Females with Fabry disease (FD) often have a milder phenotype, later symptom onset, and slower disease progression than males, causing delayed diagnosis and undertreatment. A survey was conducted at nine Italian FD centers to evaluate routine management of females with FD; results were discussed at a meeting of eleven Italian specialists and recommendations developed. Of the 227 females managed by the physicians surveyed, 85% were diagnosed through family screening and 38.5% were symptomatic at presentation. Female patients usually underwent cardiac, renal, and neurologic monitoring, and measurement of plasma lyso-globotriaosylsphingosine (Gb3) levels at 6- or 12-month intervals. Treatment was initiated in 54%, mostly enzyme replacement therapy. Experts recommended screening all female relatives of index cases and evaluating all potentially affected organ systems. Diagnosis should be based on genetic analysis.

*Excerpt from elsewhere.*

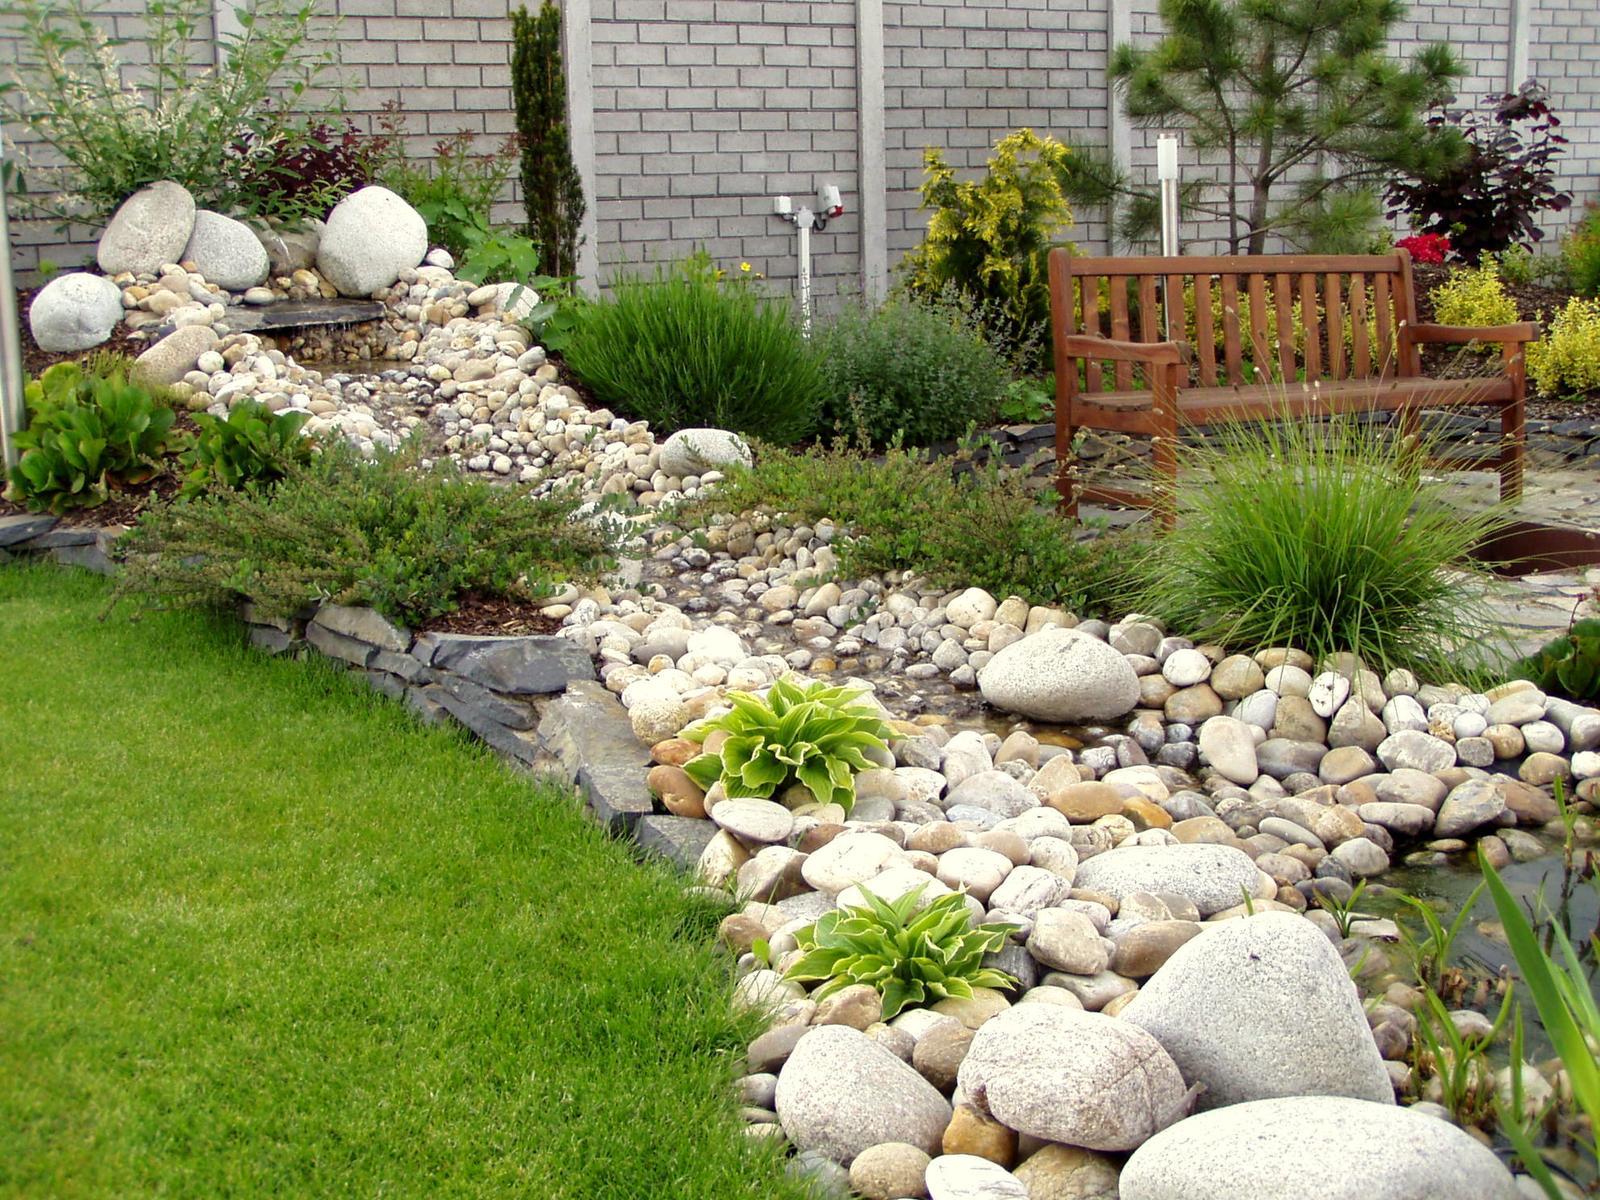 Nápady na zahradu - Obrázek č. 62

Individualized monitoring of asymptomatic females must balance the need to detect organ damage while maintaining adherence. Treatment decisions should be based primarily on signs/symptoms of FD, but age, family screening results, GLA mutations, Gb3/lyso-Gb3 accumulation, and organ damage should be considered in asymptomatic females. More research on FD in females is needed and physicians should be aware of differences in the diagnosis, monitoring, and management of females vs. males with FD.